There is much strange in this development for observers middle-aged and older who remember the newspaper strips as universally on-hand at home, comic books before the Code, and, at this point, even those who snapped up the underground comix that rocked the genre in the 1960s-1970s. We never quite imagined English department lectures—PowerPoints were still in the future—on canonical artists and genre or the theoretical backing for this or that interpretation.

Hillary Chute’s Disaster Drawn, notable for its publisher alone, as well as its contents, signals the gravity of the change.

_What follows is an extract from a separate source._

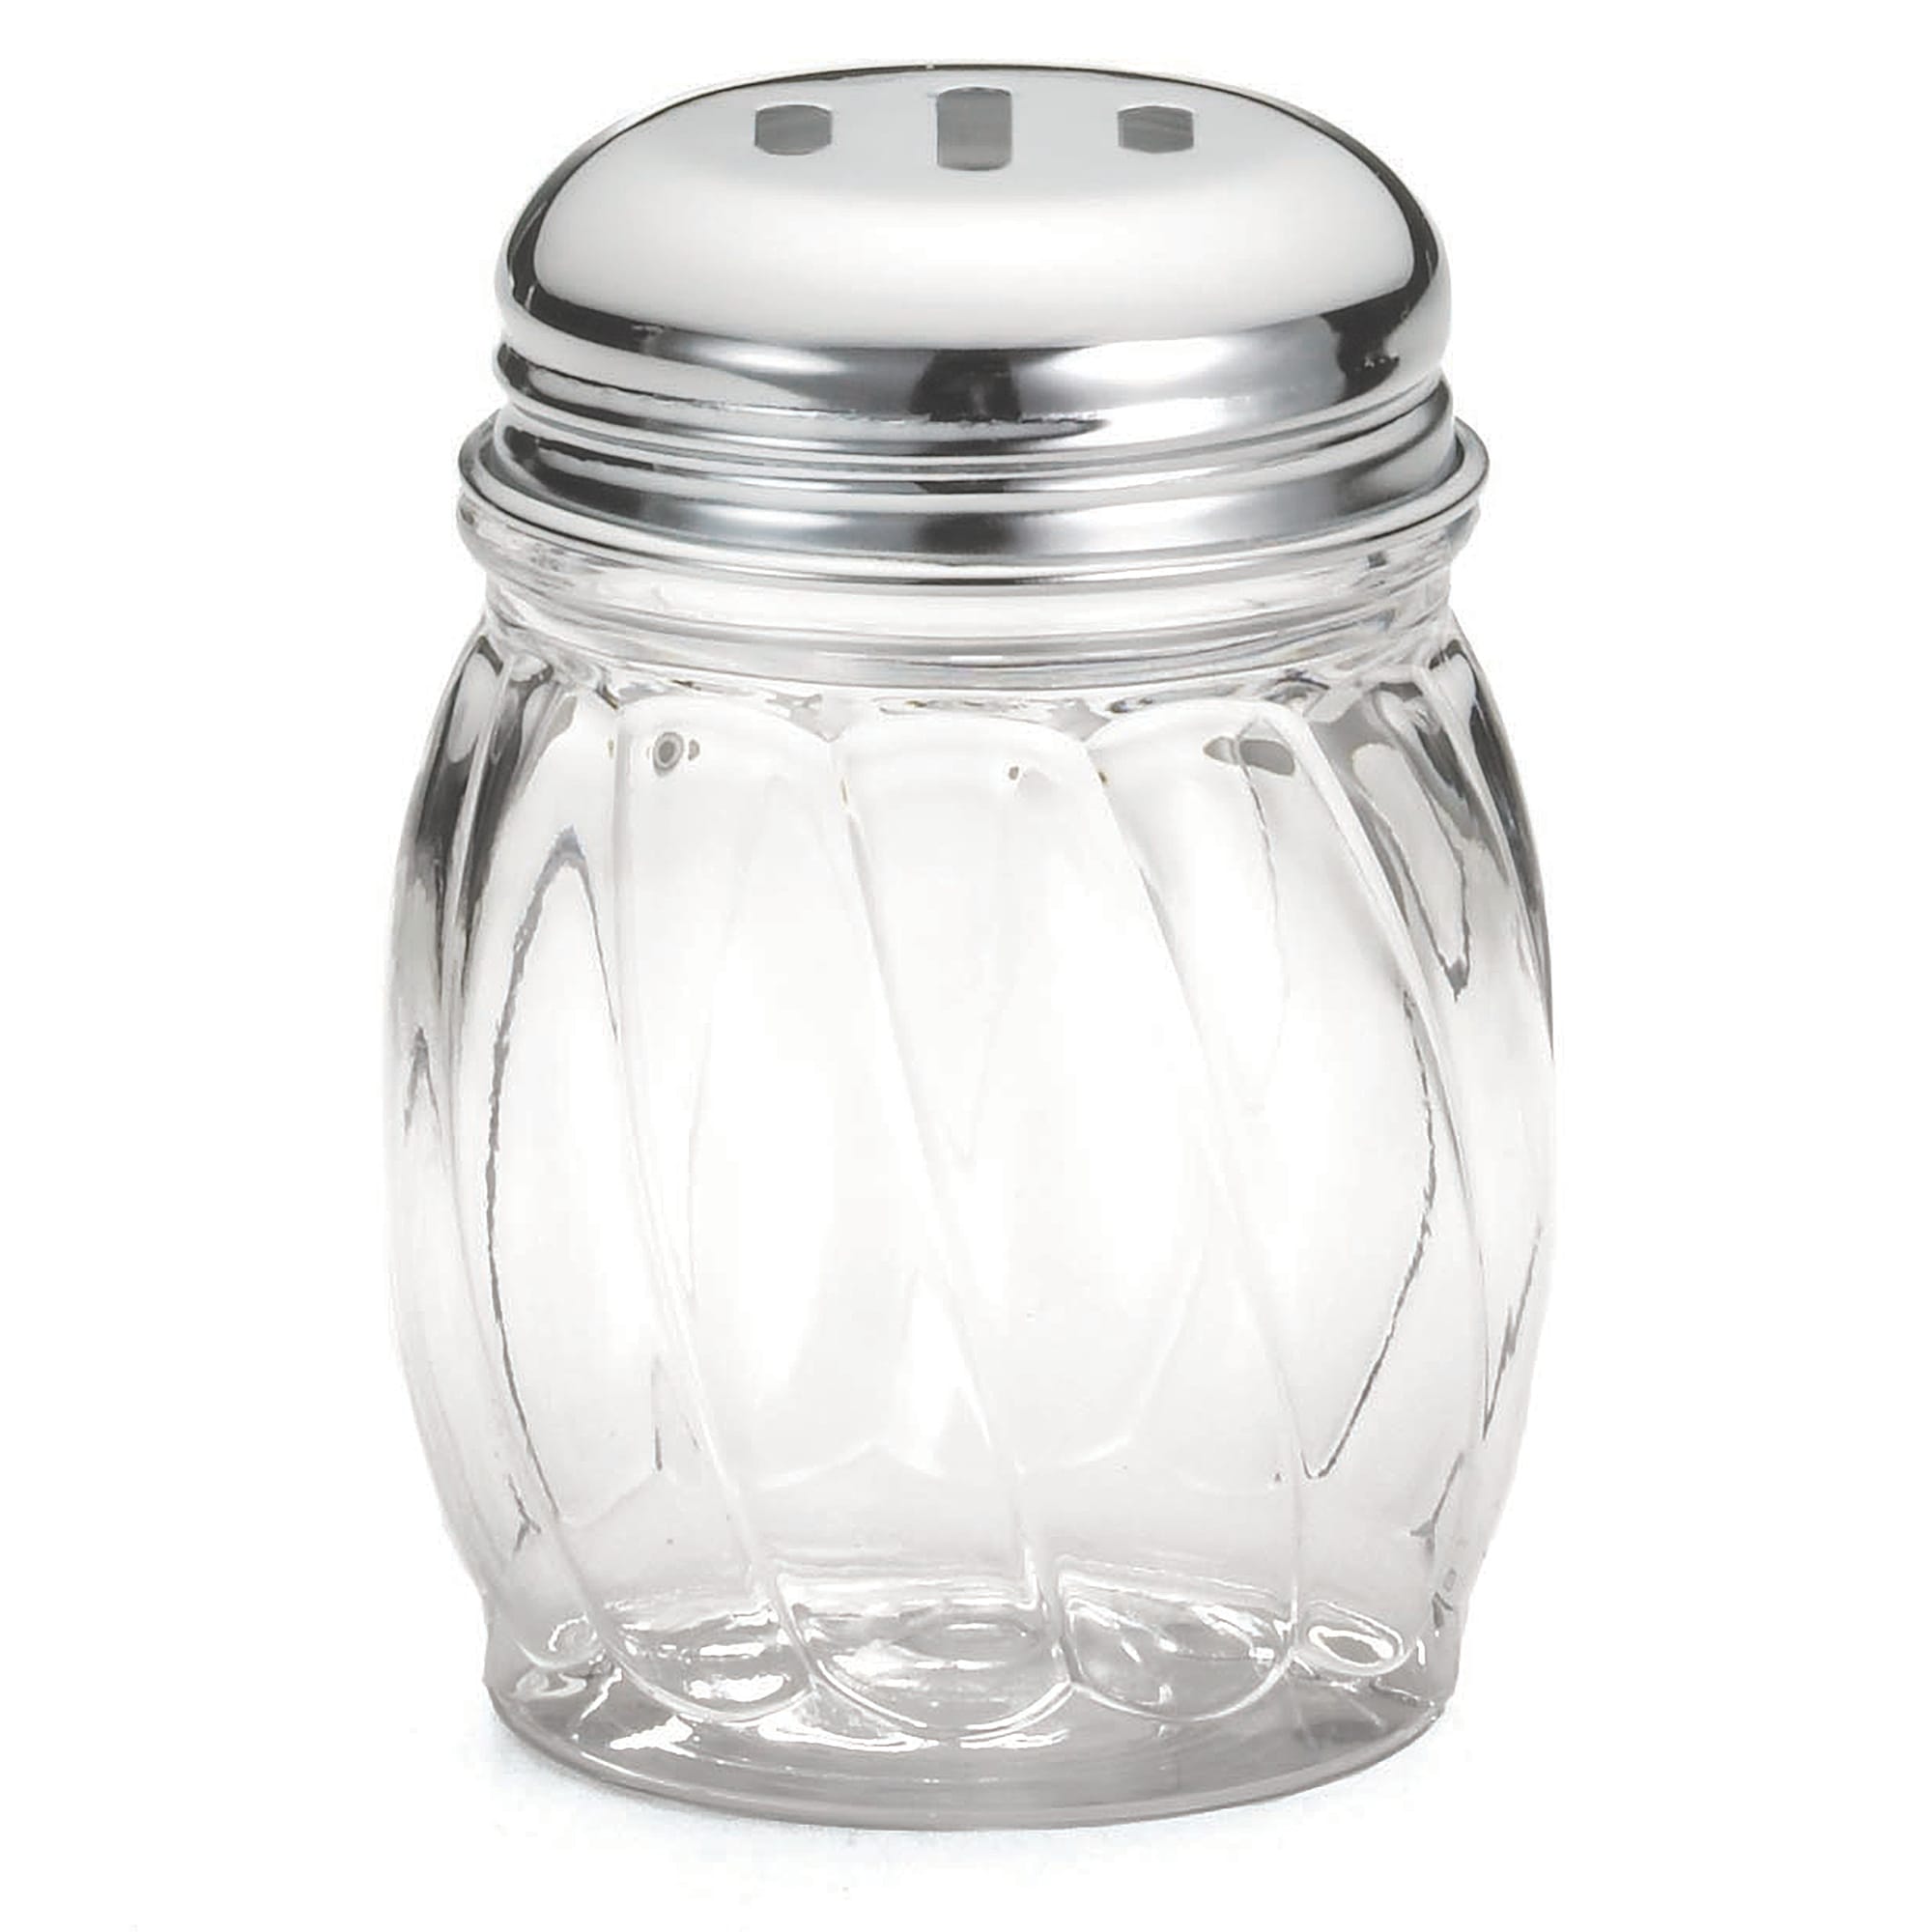 TableCraft P260SL 6 Ounce Swirl Shaker with Slotted Chrome Plated Top

There is no surprise that she references Goya, as might even some “amateur” studies of a particular artist’s early influences, or that she homes in on the work of Art Spiegelman, Joe Sacco, Justin Green, Keiji Nakazawa (of the famed Barefoot Gen series on the aftereffects of the Hiroshima bombing), with sidebars to Robert Crumb, Winsor McCay, and Golden Age horror comics, among others. Her subject is, after all, war and the effects of war on comic art (with more sidebars on comic art precursors like nineteenth-century wood engravings).

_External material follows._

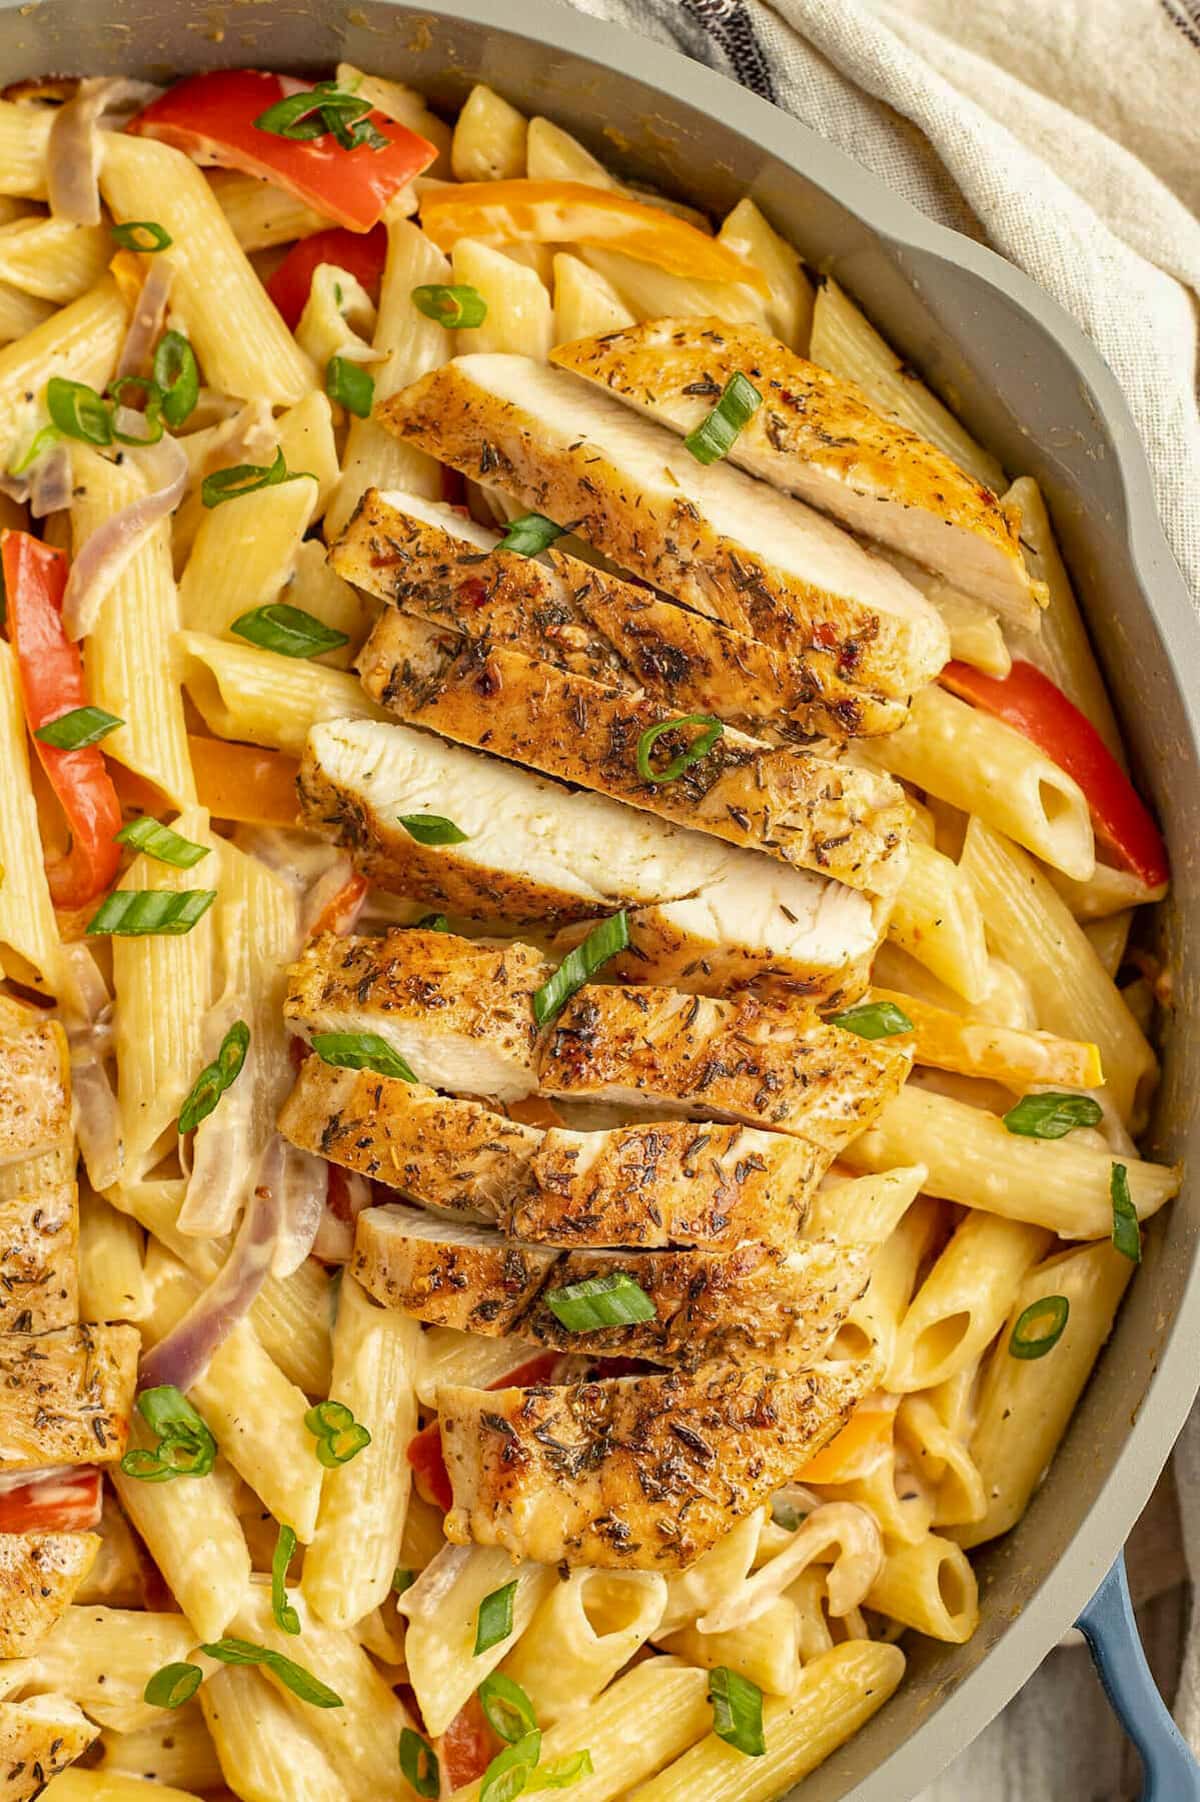 Jerk chicken pasta in a large skillet with fresh herbs, red tomato, and creamy penne.

What makes this new, often insightful, and somewhat troubling for older generations of comics observers is certainly the theorizing of a kind of artistic poetics. Chute says in her introduction that nonfiction comics have emerged, at least emerged more forcefully and fully, in the aftermath of the horrors of World War II. Second, she argues that the comic art form has become more international in the shadow of human-caused catastrophe. Third, and as a coda, she wants to explore comics as journalism.

These are admirable aims from the perspective of a reviewer whose political life was shaped by the anti-war movement following closely upon the civil rights crusade.

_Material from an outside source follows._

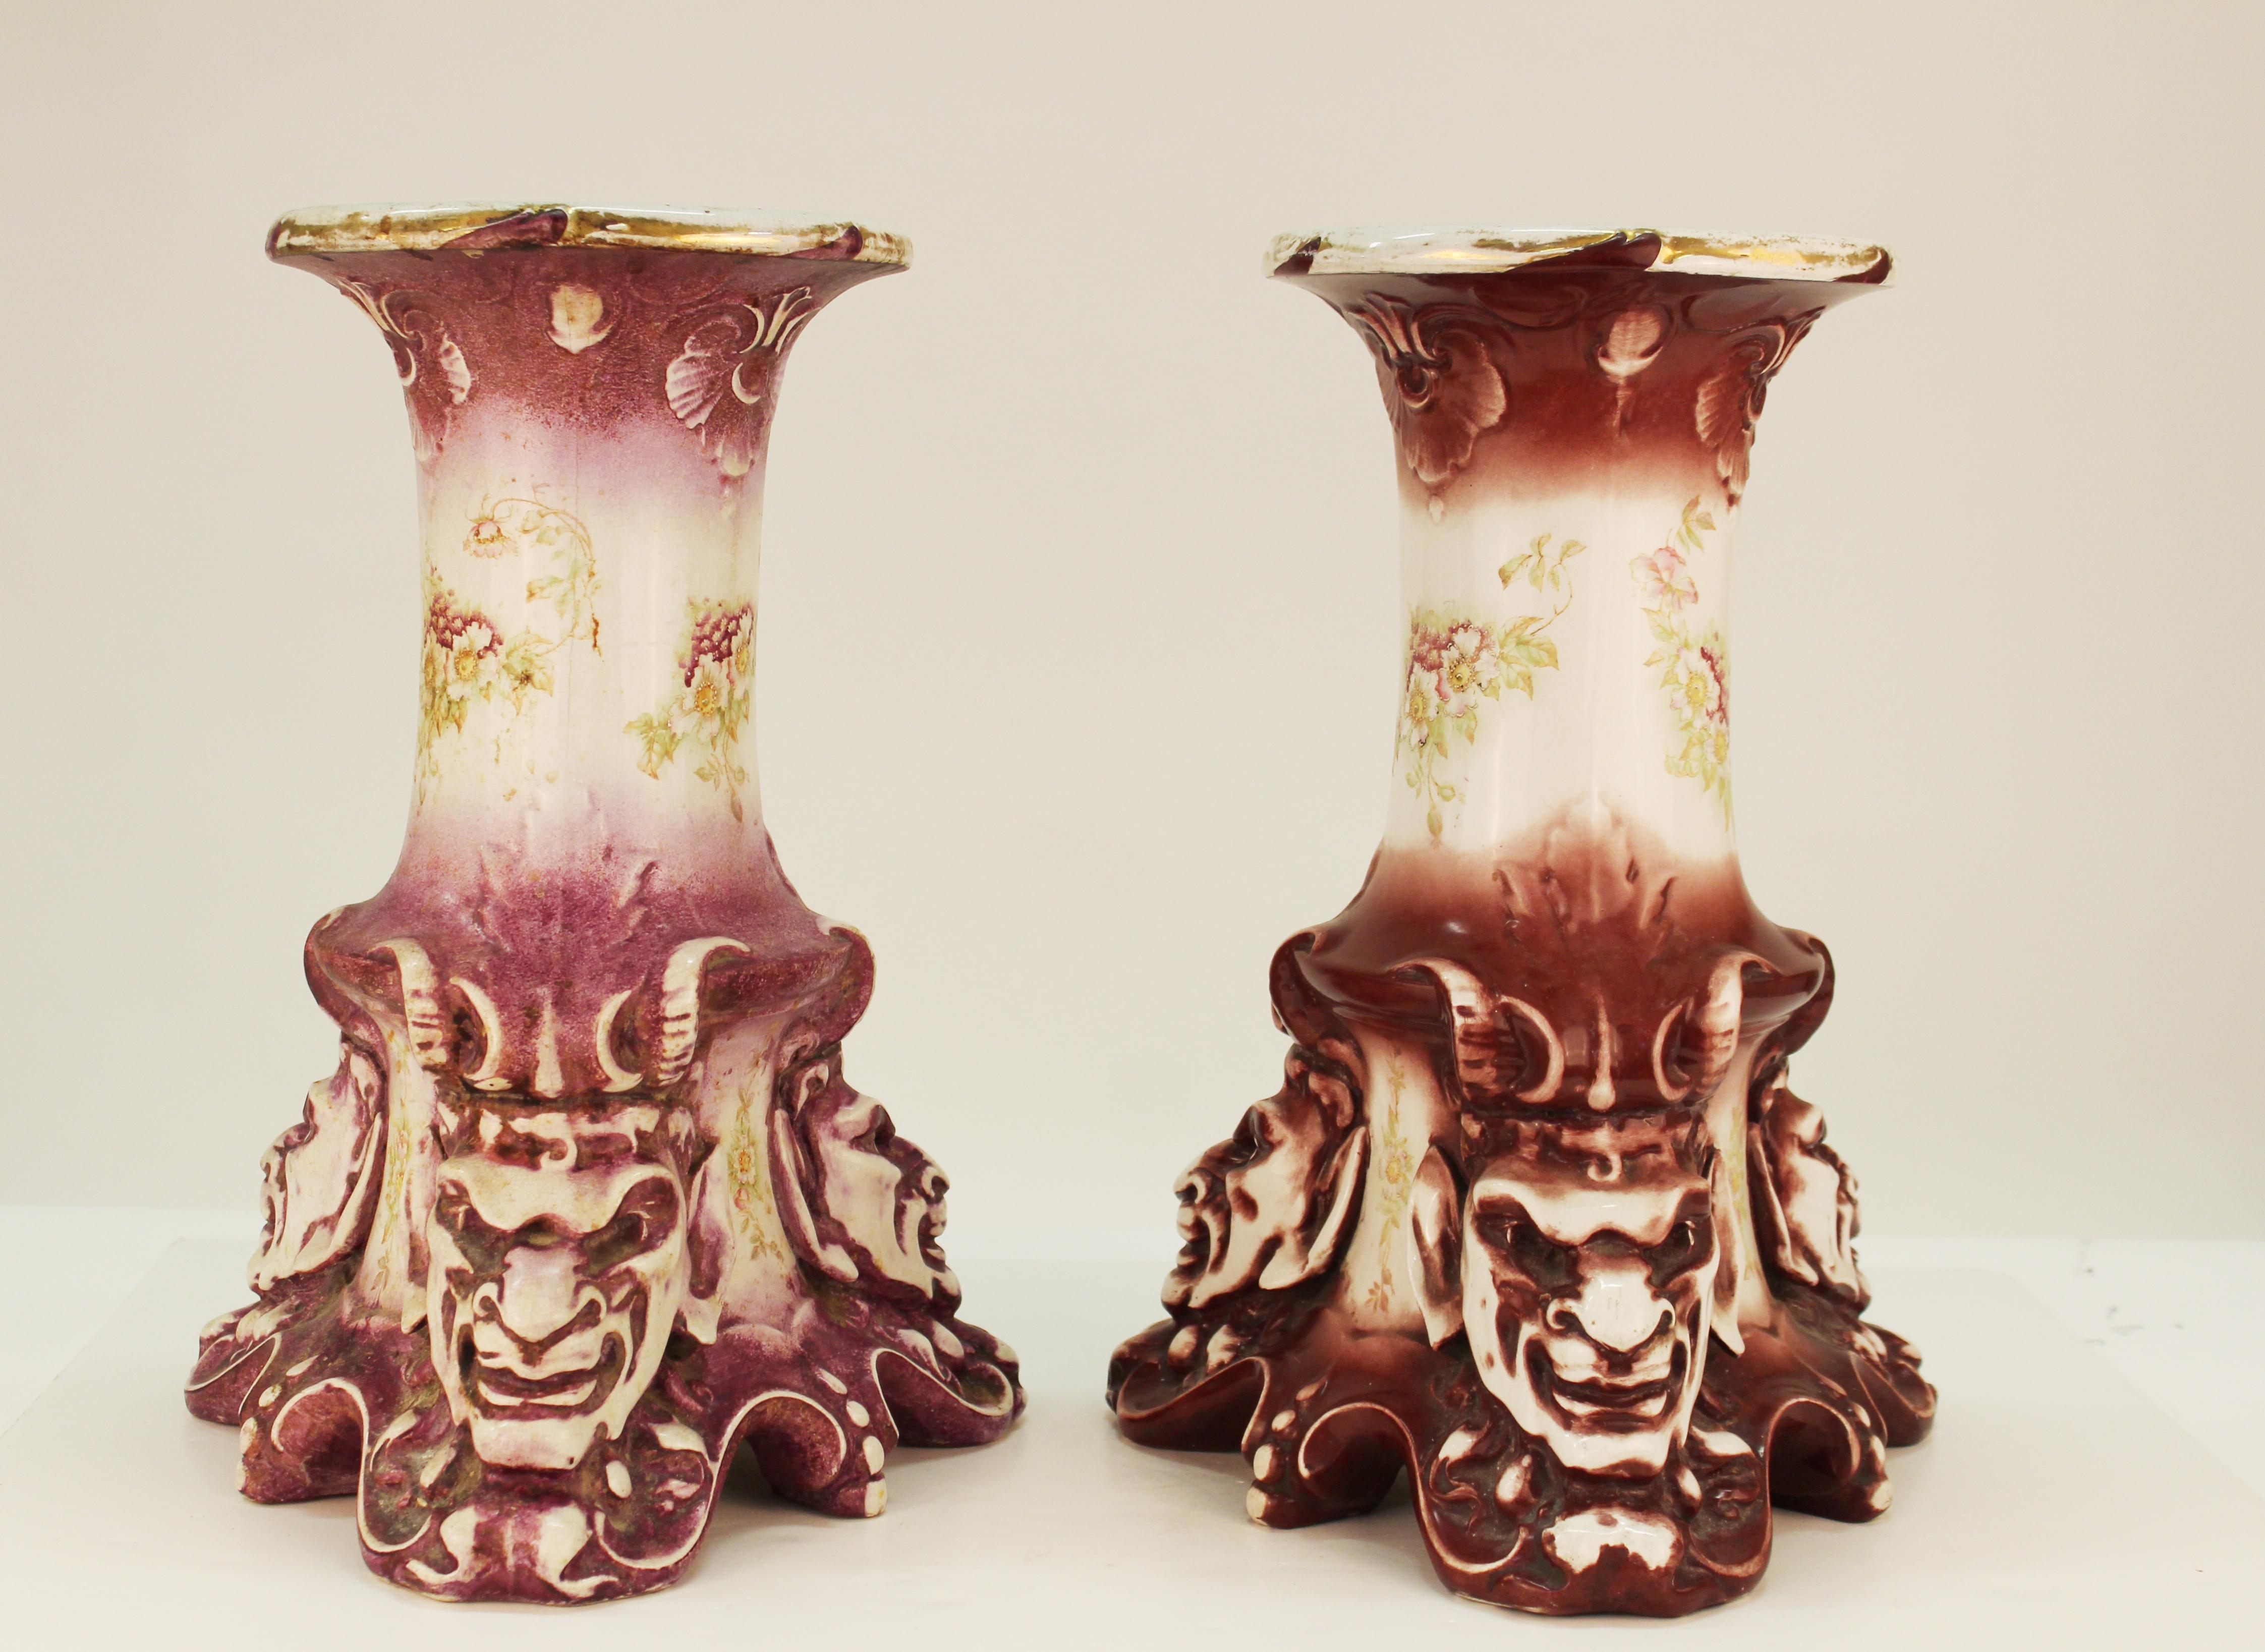 Pair of Victorian period hand-painted ceramic pedestals in grotesque style with horned satyr heads at the base, made by Alba China. The pair is stamped at the bottom with a mark reading 'Bona Fama est mellor zona aurea' ('A good reputation is better

I am most curious at the absence of the EC war comics—in their realism, anti-war comics—that made Harvey Kurtzman and his dogged realism a comic-art legend. I am curious at a study of comics as history with a similar absence of Jack Jaxon, whose comic classics on the wars of the old Texas frontiers set the pace in the 1970s for higher levels of close historical study in comic art. And I suppose I am curious at all manner of other possible avenues not taken up, like the war work of Spain Rodriguez, which ranged from Spain and Russia of the 1930s-1940s to the adventures of Che Guevara in the 1950s-1960s; or the devotions of the annual magazine World War 3 Illustrated, which approaches subjects close to Chute’s interest again and again, through the work of dozens of artists.

Then again, the field of possible candidates, especially international candidates, is vast. And for American readers who find themselves looking into the windows of comic-book stores in today’s France, Germany, or Italy, translations of Joe Sacco and Art Spiegelman stare out, a reminder of these artists’ current totemic status.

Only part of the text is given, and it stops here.